Being a teacher means having to bear a big responsibility. Teachers nurture their students’ curious minds. They provide guidance and knowledge. They shape students’ minds and groom them to be their better selves.

At school, they also become guardians. Keeping students safe from violence within the school grounds. Aside from students’ educational progress, teachers are tasked with their overall safety within the school (and sometimes beyond).

First, teachers must ensure physical safety. Within the classroom, teachers ensure tools do not pose a danger to the students. Other people and students are monitored to ensure physical violence will not break out in class. It’s imperative to create a safe environment because it leads to better learning for students.

Though not bearing the sole responsibility, teachers also ensure the safety of their students’ emotional and mental state. Bullying is prevalent in schools. Teachers are the first safeguards in preventing these.

When it comes to difficult emotional concepts, parents rely on teachers to help students understand. Hand in hand, parents, and teachers help together in explaining difficult concepts to students.

Kid and Teacher

This is why teachers regularly undergo training related to school safety. Aside from training on preventing violence in school, teachers also undergo training for emergency drills.

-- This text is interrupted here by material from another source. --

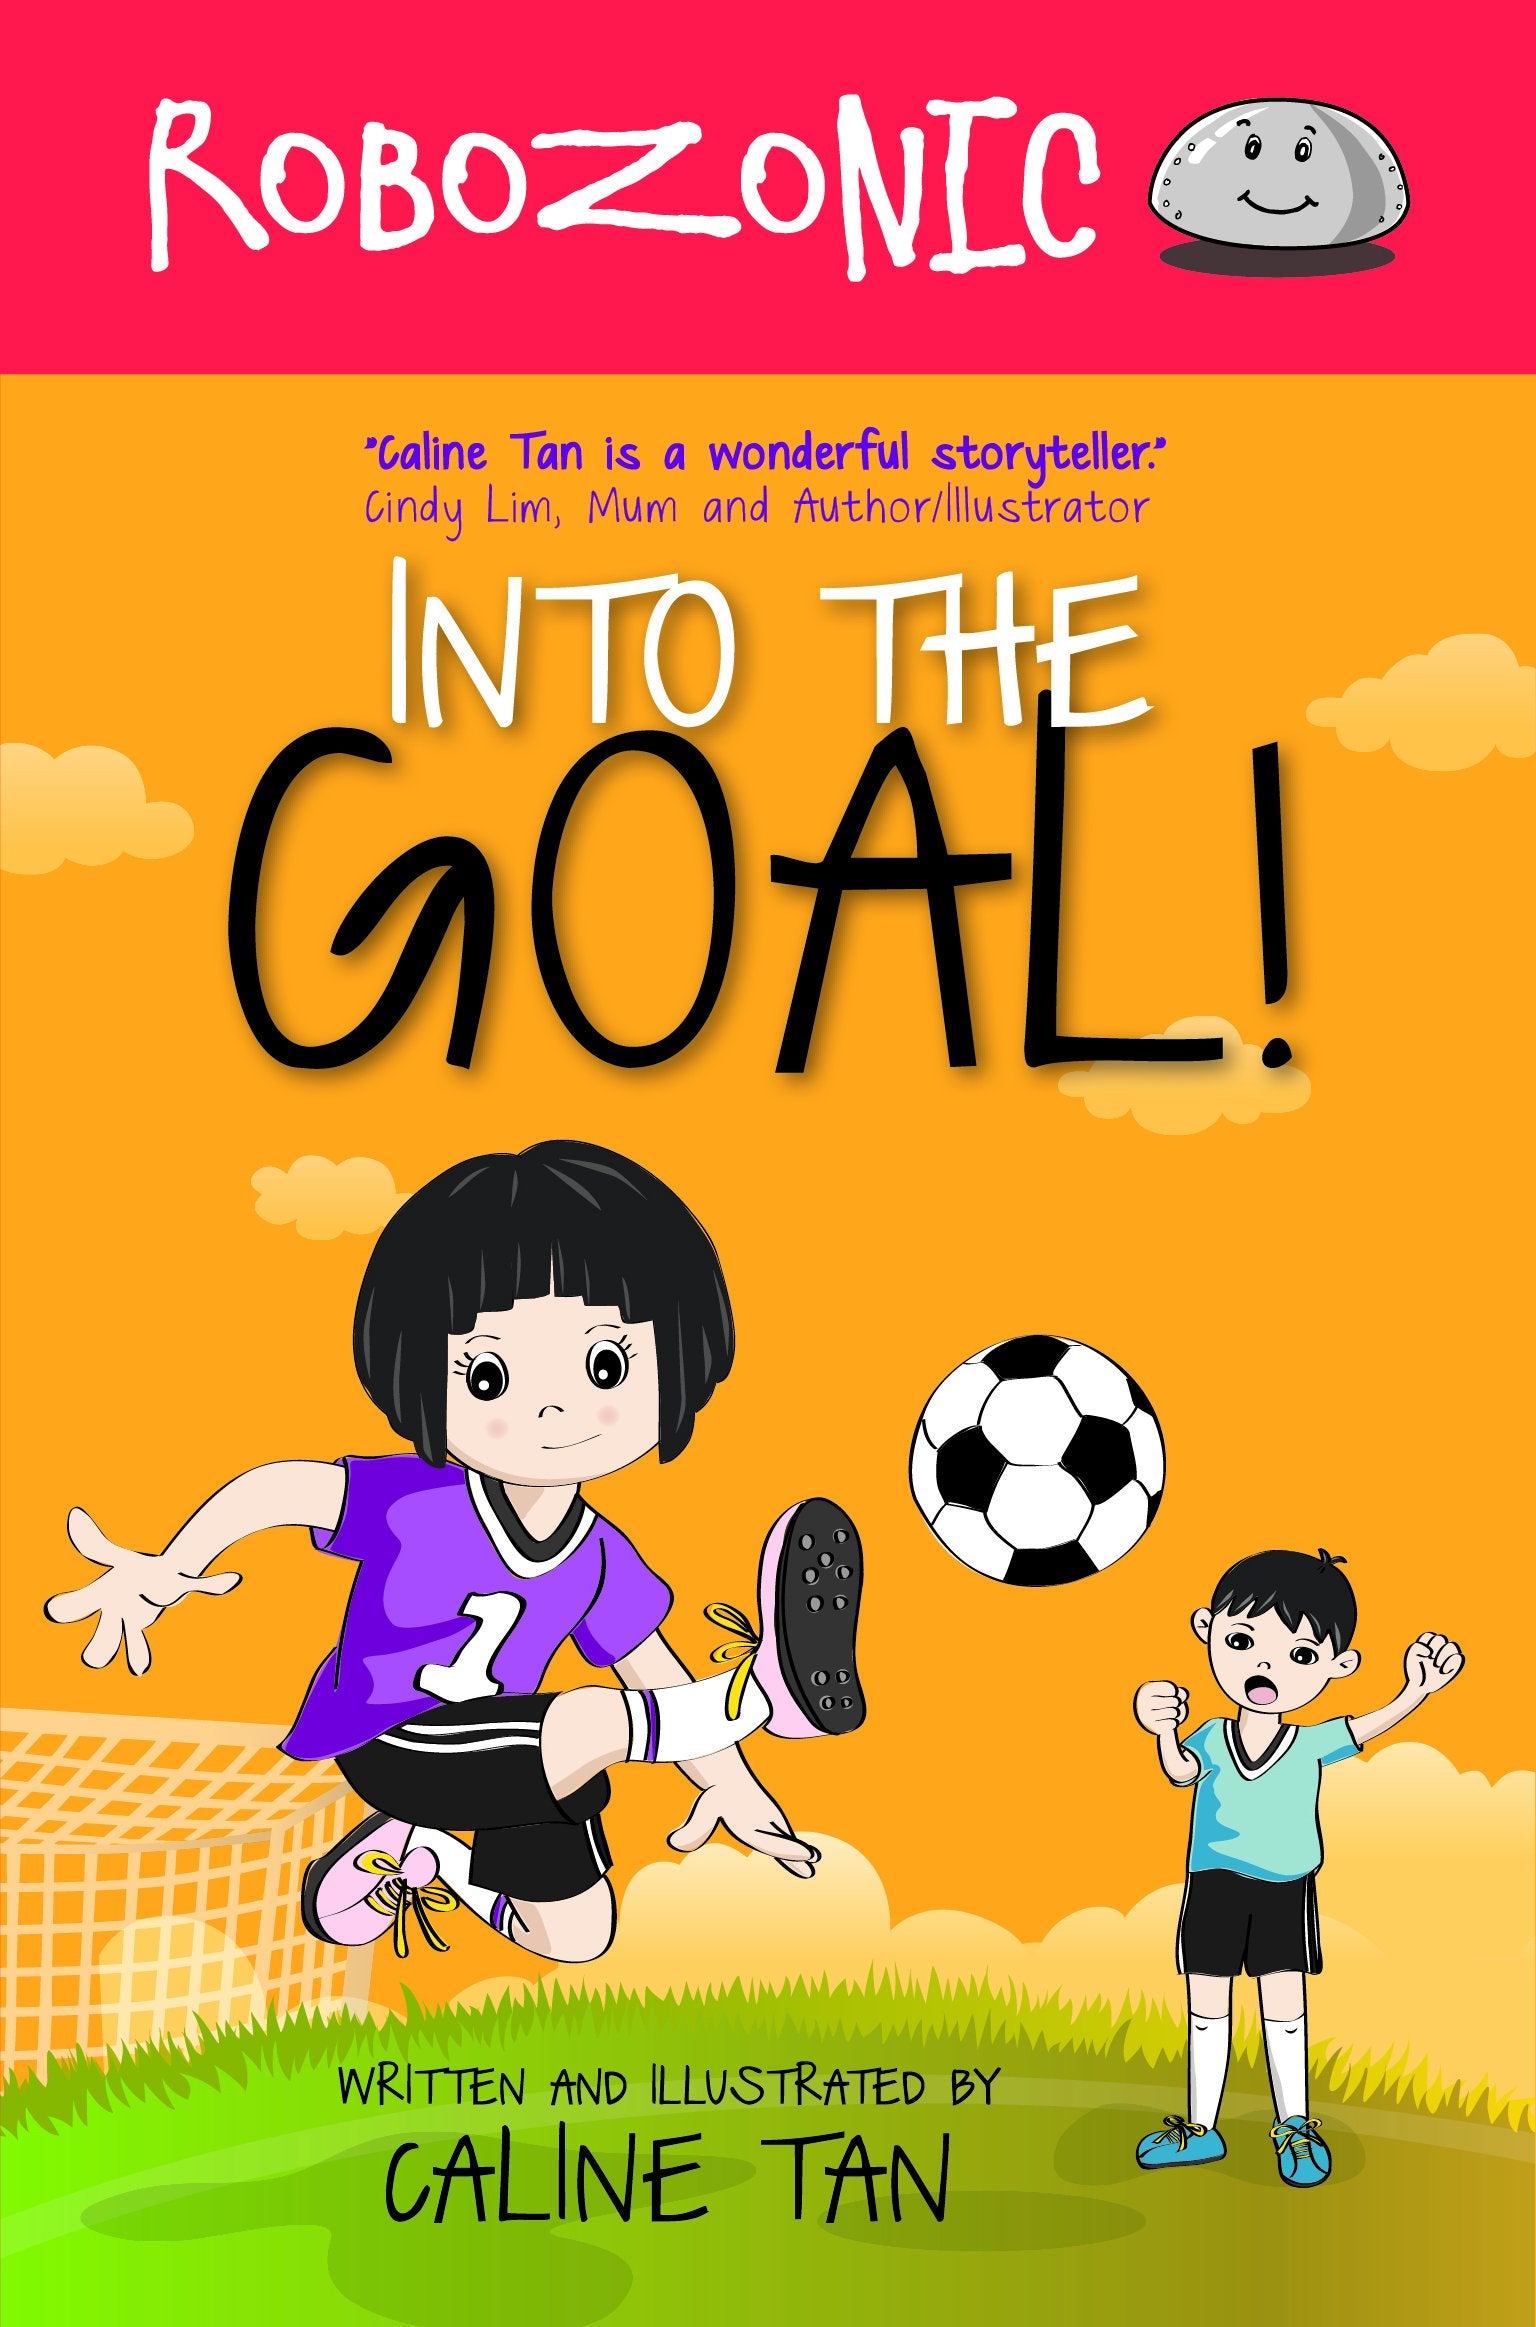 Robozonic: Into the Goal!

On top of the regular emergency drills, teachers must train for active shooter preparedness. Also known as lockdown drills, security experts provide training to individuals and institutions to prepare for an intruder or external threats.

One of the most effective emergency active shooter training is ALICE Training. ALICE training stands for Alert - Lockdown - Inform - Counter - Evacuate. The training program helps in instilling immediate responses during high-pressure situations.

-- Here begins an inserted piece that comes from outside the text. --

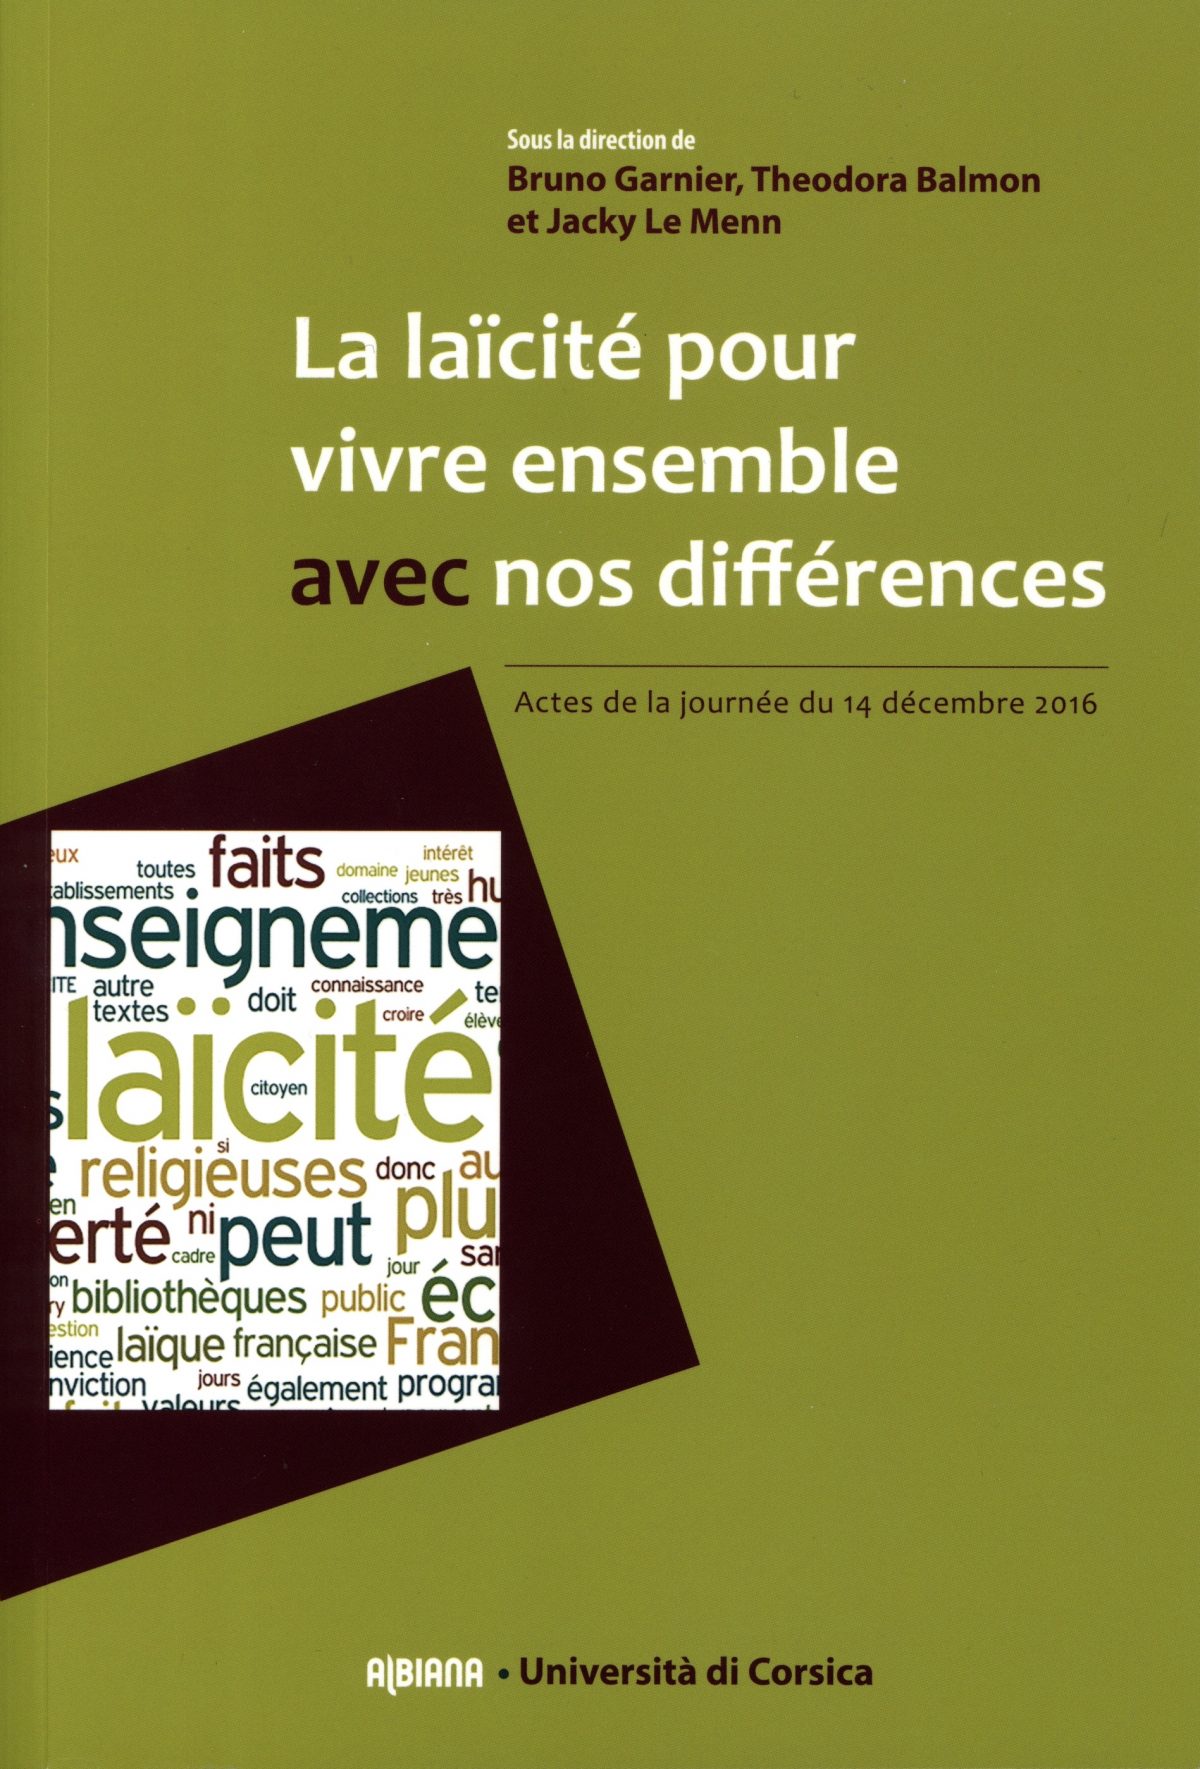 La laïcité pour vivre ensemble avec nos différences, Ajaccio : Editions Albiana, 2017.

In 2018, Educationworld.com emphasizes that teachers need to be more prepared when it comes to handling active shooter situations. George Roberts, a community superintendent in Baltimore schools, said, “It is very important to have comprehensive plans, study it and practice it. Then it becomes instinctual.”

Teachers need to be the first to understand these emergency responses, so they can teach and guide their students through the drills. So, if you’re a teacher, what should you know about these classroom door lockdowns?

What happens in an active shooting event?

 An active shooter event is defined as “an individual actively engaged in killing or attempting to kill people in a confined and populated area.” The ALICE training website describes an active shooter event as unpredictable. An attack ends within 10-15 minutes. In most cases, active shooters used firearms during the attack.

Attacks are random and vary. Over the years, different government agencies have studied the active shooter attacks to find a pattern.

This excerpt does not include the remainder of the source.